You feel good, and then you fall asleep.
I'm Catherine Nicolai.
I read and write all the stories you hear, and nothing much happens.
Audio Engineering is by Bob Wittersheim.
We give to a different charity each week,
and this week we are giving to the Maui Strong Fund.
The fund is providing financial resources that can be deployed quickly,
with a focus on rapid response and recovery for the devastating wildfires on Maui.
We have a link to them in our show notes.
If you or someone you know needs a personalized pep talk,
needs to be reminded that they have done enough for the day.
I'm now available on Cameo.
Link in our notes.
Now, some listeners fall asleep
the very first time they use the podcast,
within minutes.
But if that doesn't turn out to be you,
be patient.
We're doing some brain training here,
and it may take a few exposures
to get the desired result.
Relax. Enjoy.
Just listen to the sound of my voice.
I'll tell the story twice,
and I'll go a little bit slower the second time through.
By listening, you're switching some brain activity,
moving you out of default mode
and putting you into task-positive mode.
And that is where you will easily and peacefully drift to sleep.
If you wake later in the night,
don't hesitate to just start the story over again.
Okay, it's time. Get as comfortable as you can. Switch off your light. Set down
your device. Get the right pillow in the right spot. and let everything relax.
The day is done.
For good or for bad, it's over now.
And nothing is needed from you.
You can let go.
Take a deep breath in through your nose and sigh from your mouth. Again, breathe and out. Good.
Our story tonight is called Retreat,
and it's a story about some time spent somewhere quiet and calm.
It's also about paths through a pine forest,
the soft experience of living moment to moment,
and a butterfly finding Jasmine
as she flits among plants deep in the woods.
Retreat.
Waking up here is just different.
There are no cars rumbling by.
No honking horns or music playing from speakers.
The only sounds are birds and cicadas
and the occasional screen door slamming in the distance.
There isn't an alarm clock in my cabin,
and even if there was, I certainly wouldn't set it.

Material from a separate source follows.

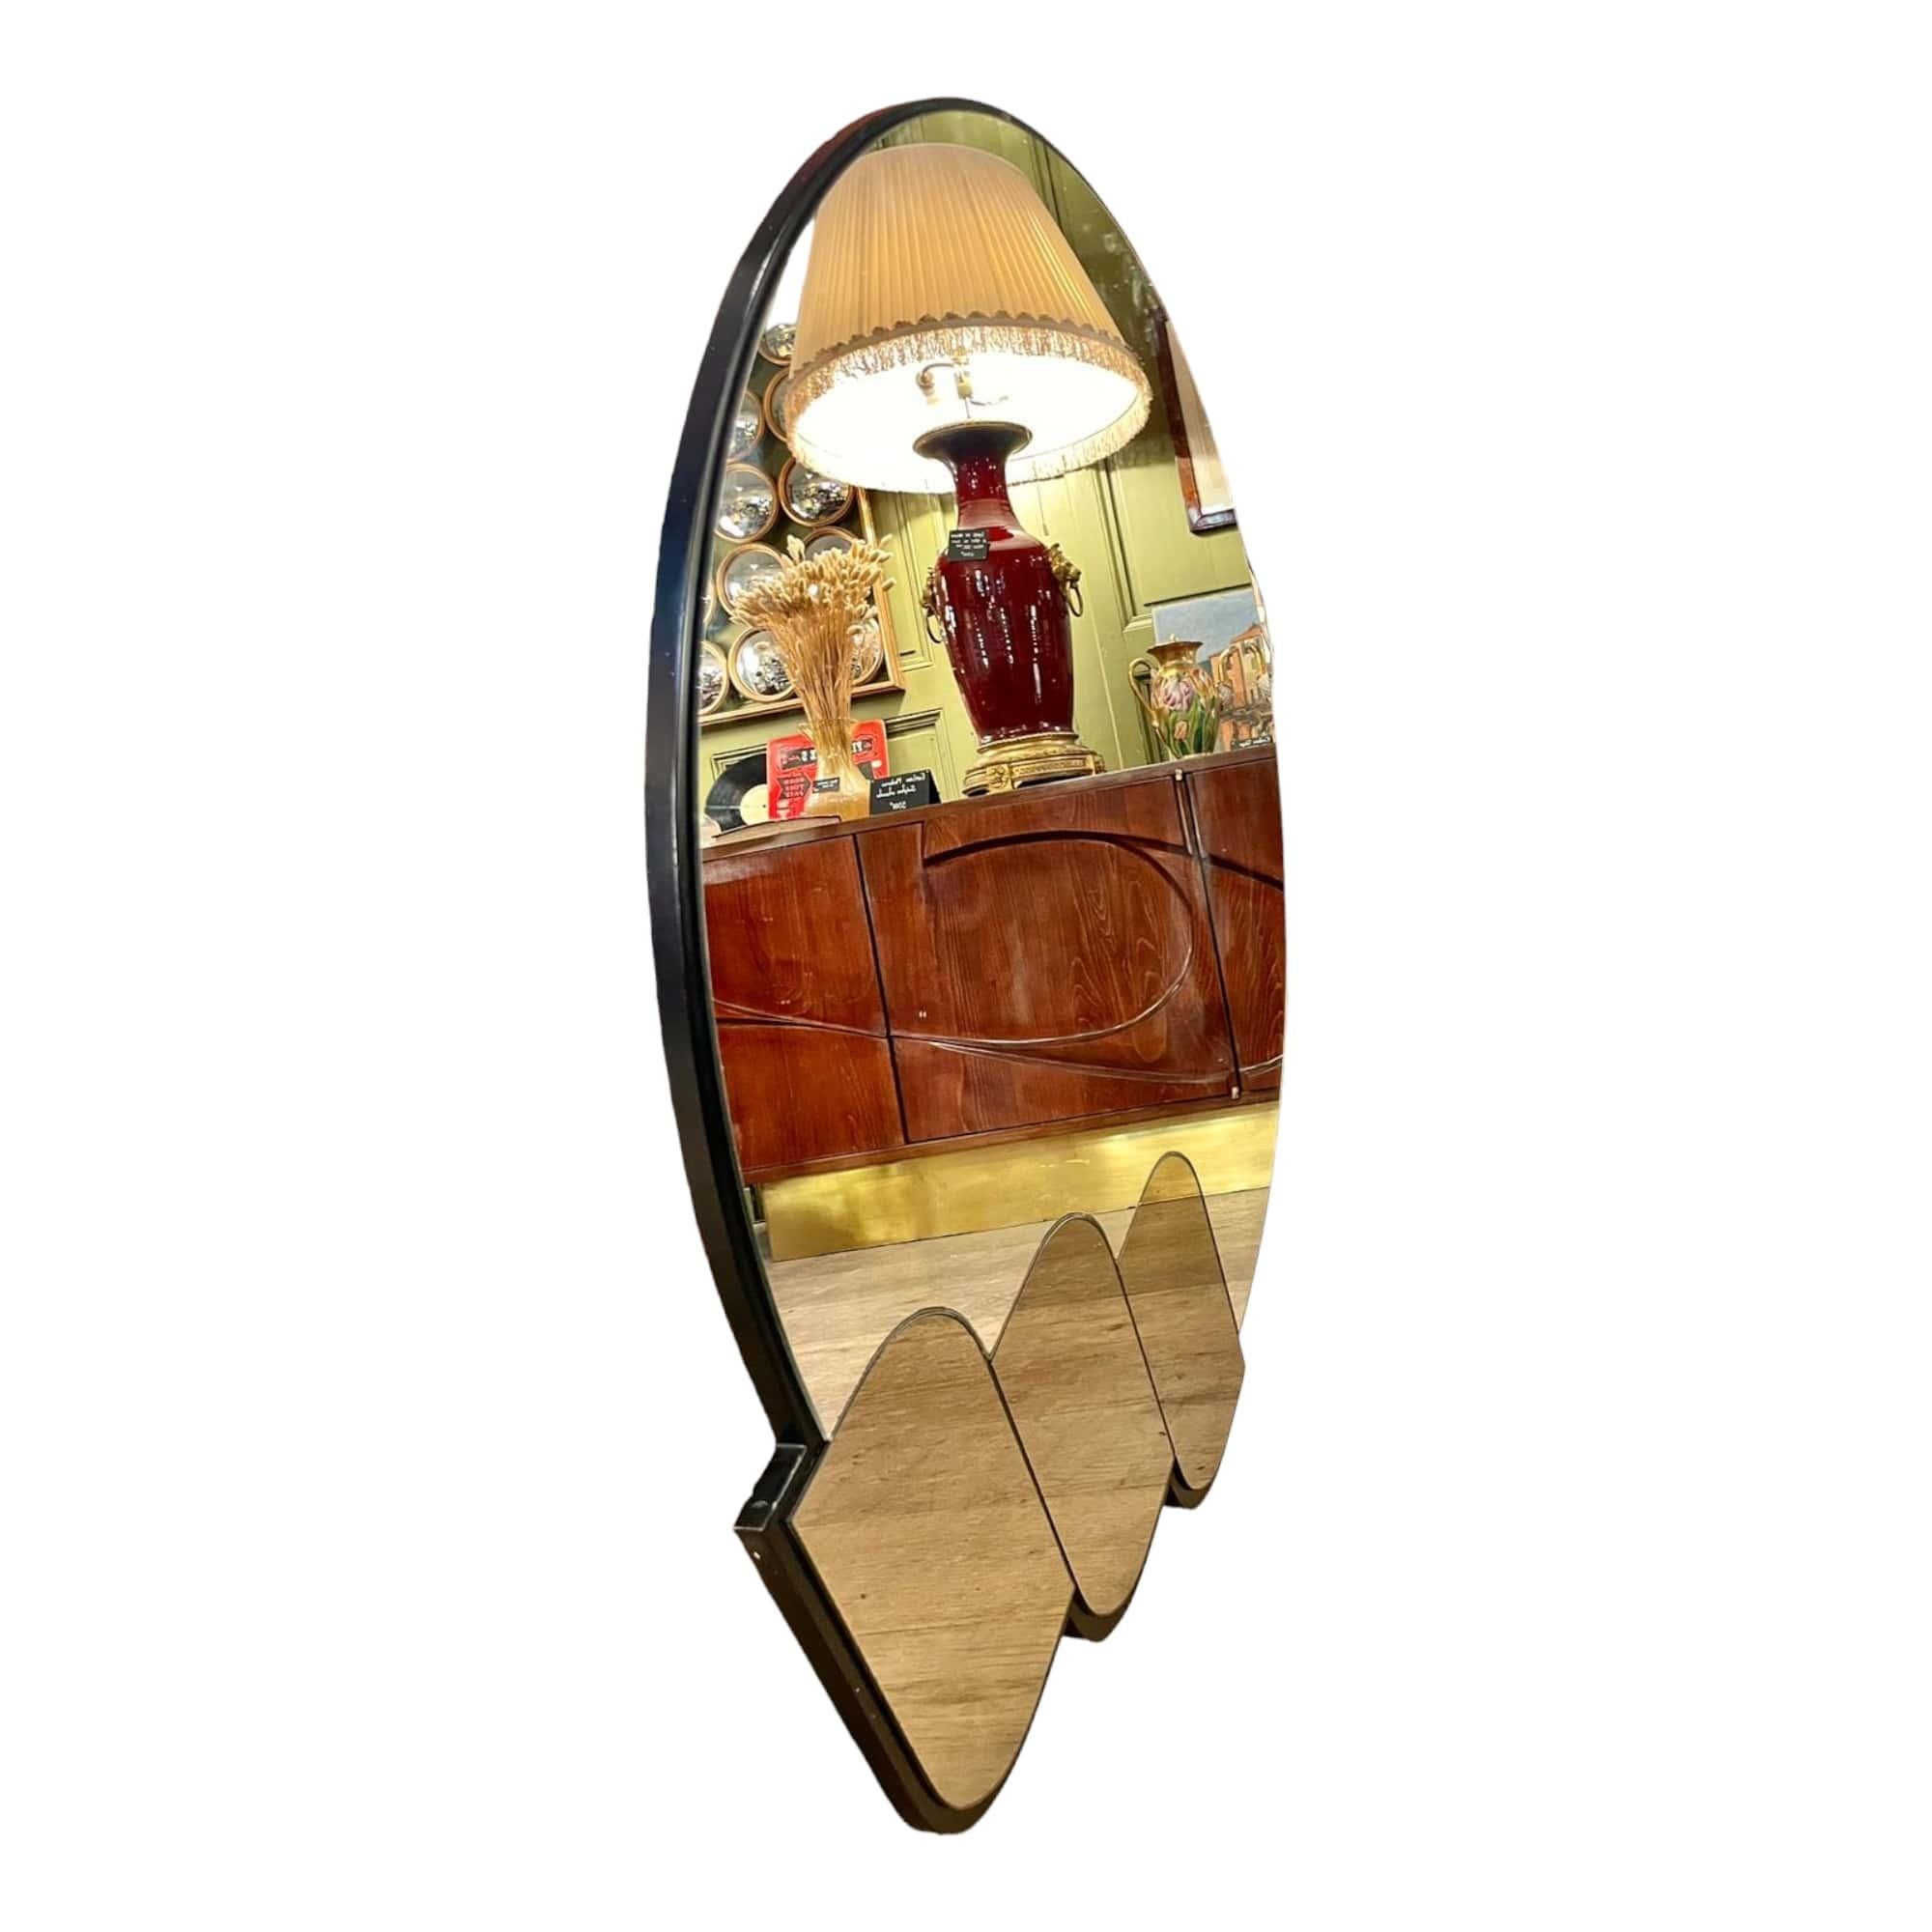 Ce magnifique miroir rétro des années 80 est une véritable pièce d'antiquité française, datant de 1980. Son design unique et son style rétro en font un objet de décoration exceptionnel pour toutes les pièces de la maison. Les détails soignés et la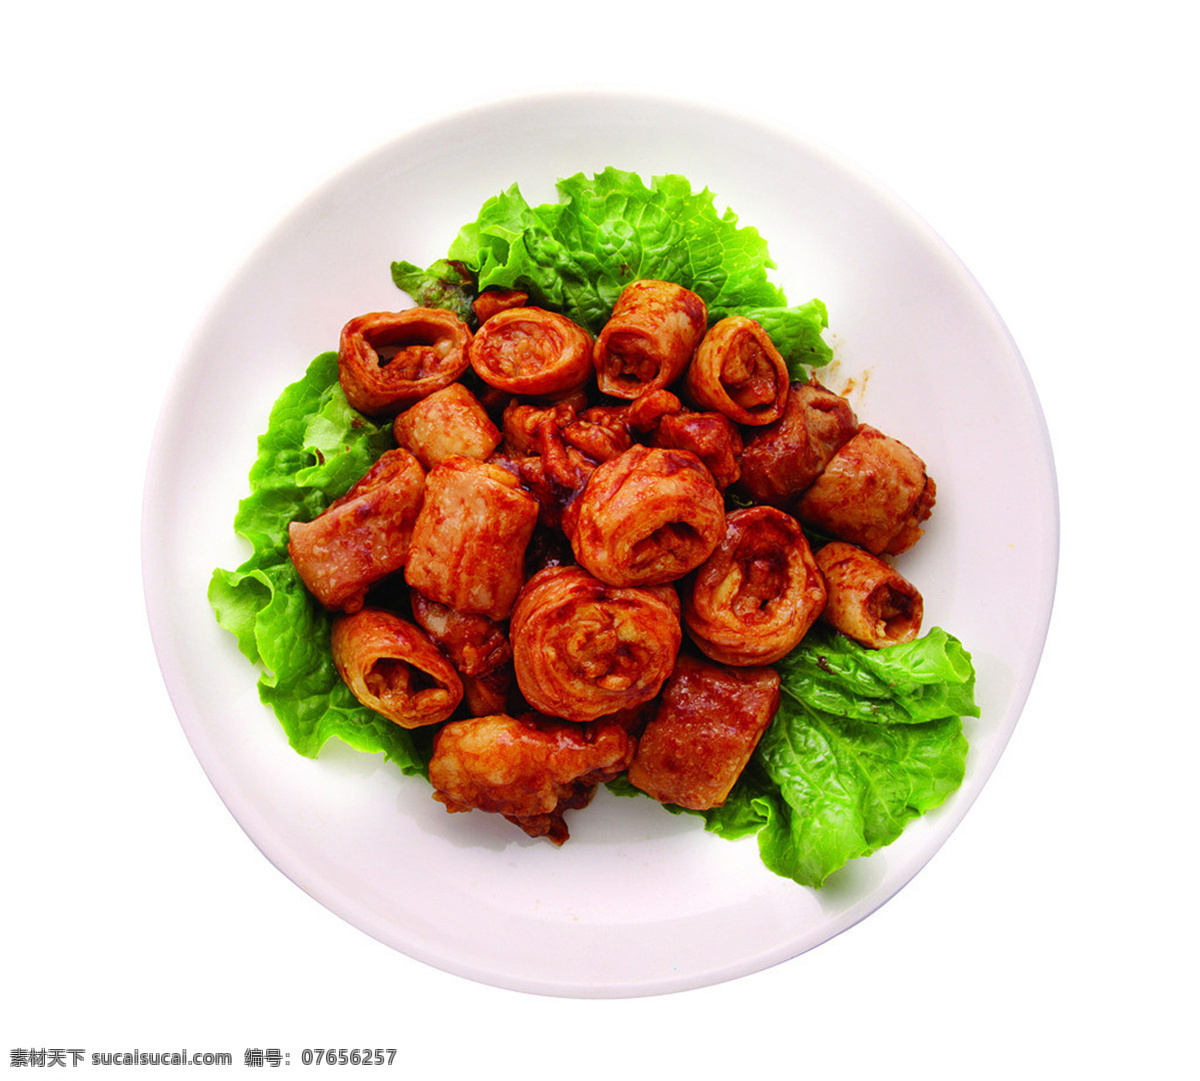 红烧大肠 美食 传统美食 餐饮美食 高清菜谱用图

So all there is to wake me up is my body being finally sated with rest,
nudging me gently to the surface.
When I do blink my eyes open,
I watch the light change through the windows for a while.
My eyes feel brand new here.
I don't remember how I heard about this place.
A friend of a friend must have mentioned it years ago, and it stayed,pping water after a yoga class, and that sort of
peaceful haze that follows a good practice and a long savasana, when I noticed a flyer pinned to the studio bulletin board.
The word on the top caught my attention.
Retreat, it said.
Years ago, a friend had said something about how natural it is, just as a human,
to go through periods where you are more active and involved in society and the world,
and then to go through periods of retreat.
And the truth of it had struck me.
It felt like permission
to follow the ebb and flow.
Step out, and then retreat.
And I had been on formal retreats before.
A weekend here, a few days there.
And once, when I was a good bit younger,
a full ten days in meditative silence.
Those had all been useful experiences for me, but I found what I'd been craving lately
was something more self-directed. all I needed, really, was a place to go,
where there was quiet and space.
And that was just what the flyer was offering.
Cabins in the woods, tall pines,
hiking paths and walking trails, a lake with a stretch of sandy
shore.
Come for a week, the flyer suggested.
Bring your journal and your meditation cushion and enjoy the quiet. I recognized the name of
the place from the mention of it I'd heard years before. It felt like more than a happy coincidence. I tore a number off the flyer
and tucked it into my pocket.
And now I was here,
halfway through my week of retreat.
I had a small cabin,
but it was all I needed.
A tidy, simple bathroom.
A large, soft bed I'd been sleeping wonderfully in.
And a small kitchenette where I cooked my meals. My favorite spot, though, was the tiny front porch with
its single chair. I'd spent a good bit of time out there so far, watching gray squirrels climbing tree trunks and jumping casually through the branches.
There were about a dozen cabins, like mine, scattered through the pines, though each one
was set back far enough from the paths that they felt totally private.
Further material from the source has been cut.